**Dataset content:**
===

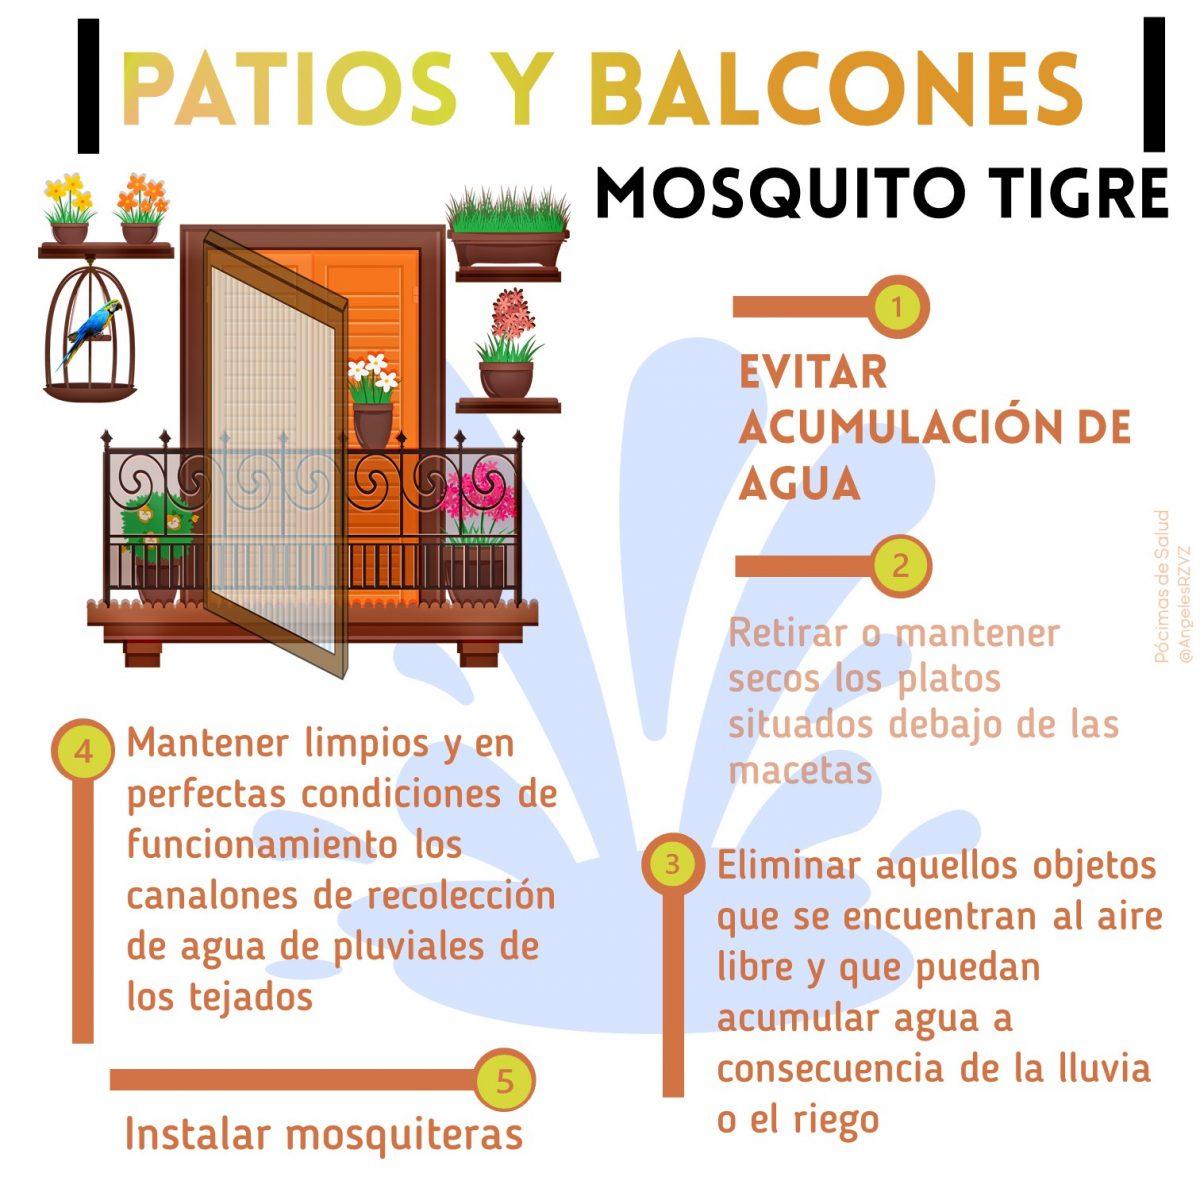 mosquitotigre-consejos-prevencion-focos-de-cria-balcones-patios
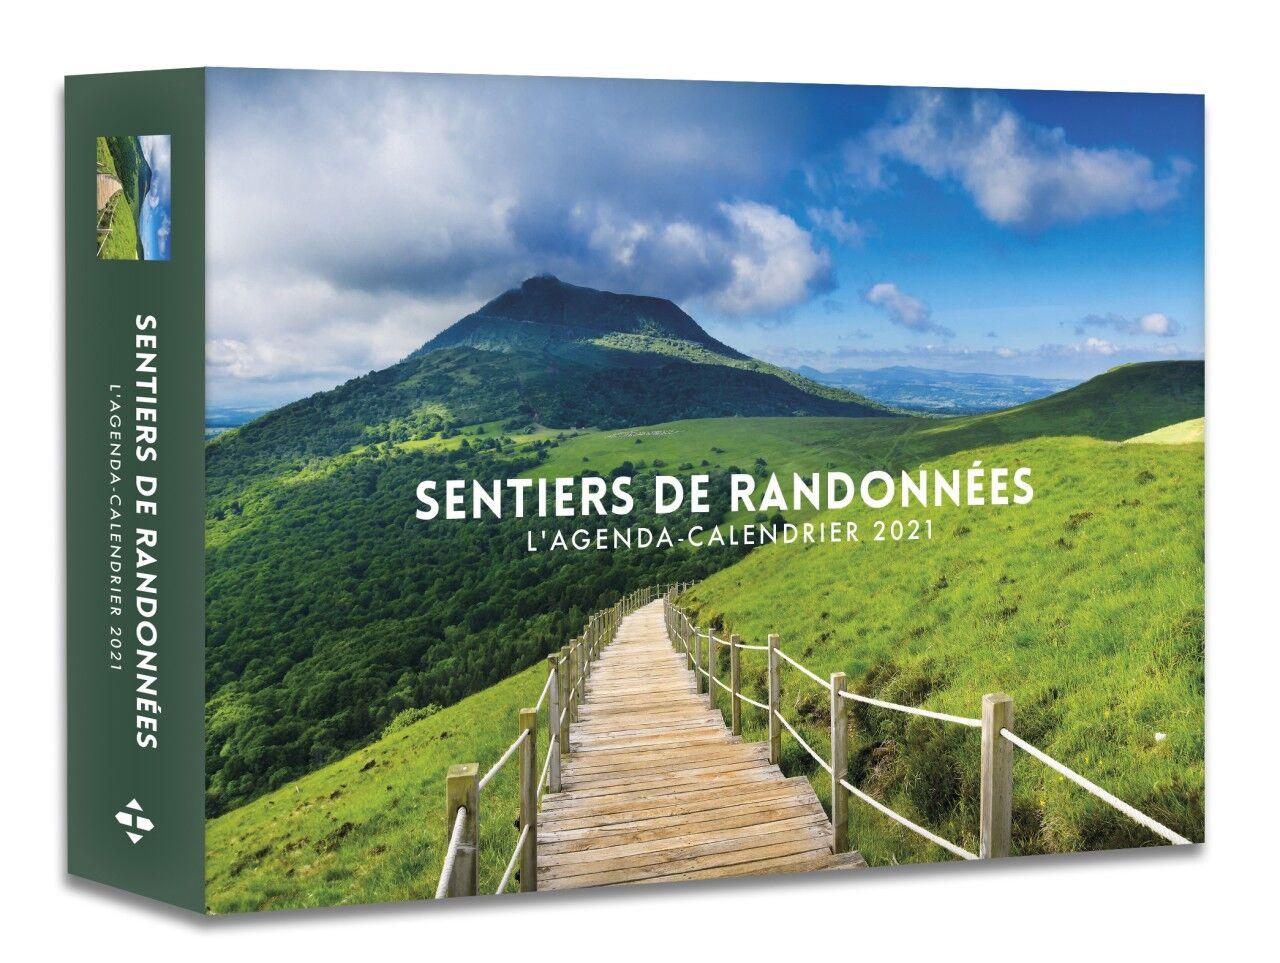 L'Agenda calendrier Sentiers de randonnées 2021 Pas Cher | Bureau
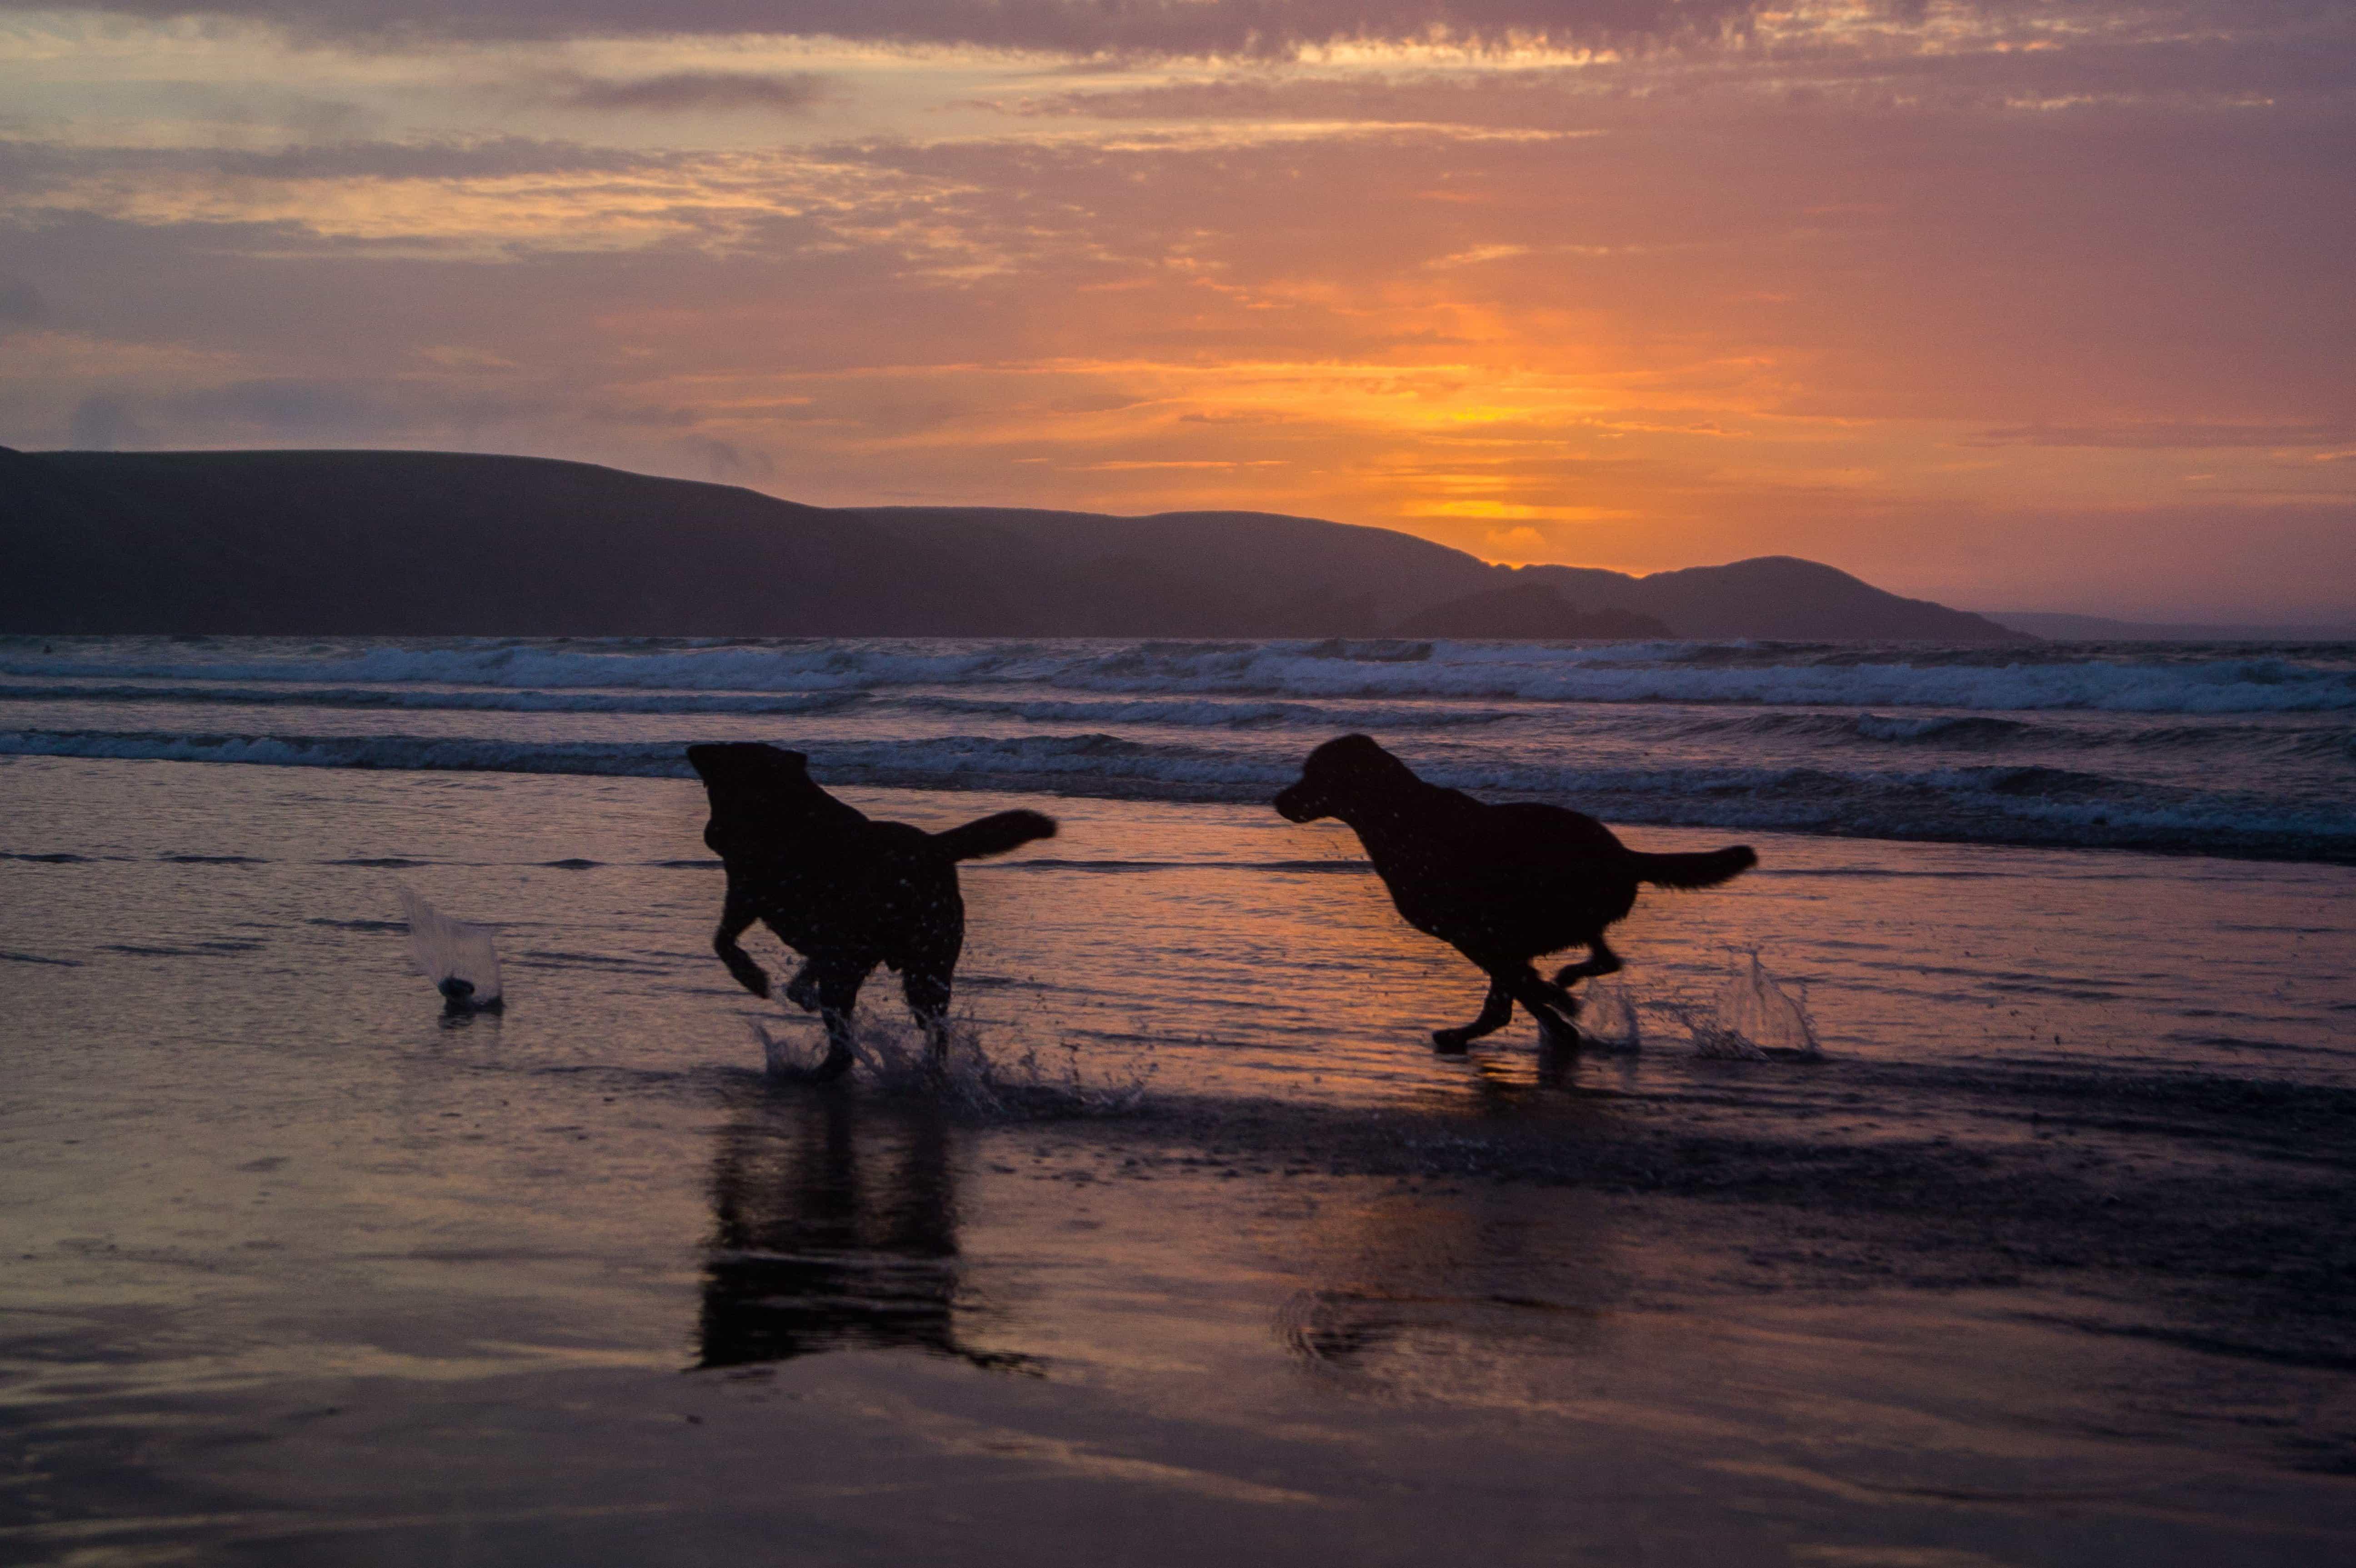 Ocean Animals Wallpaper Image Libre Eau Coucher De Soleil Plage Oc 233 An Chien

===

**Your task:** When you retype the material above, copy each line exactly and drop whatever images appear in it.

**Response to the exercise:**
 mosquitotigre-consejos-prevencion-focos-de-cria-balcones-patios
 L'Agenda calendrier Sentiers de randonnées 2021 Pas Cher | Bureau
 Ocean Animals Wallpaper Image Libre Eau Coucher De Soleil Plage Oc 233 An Chien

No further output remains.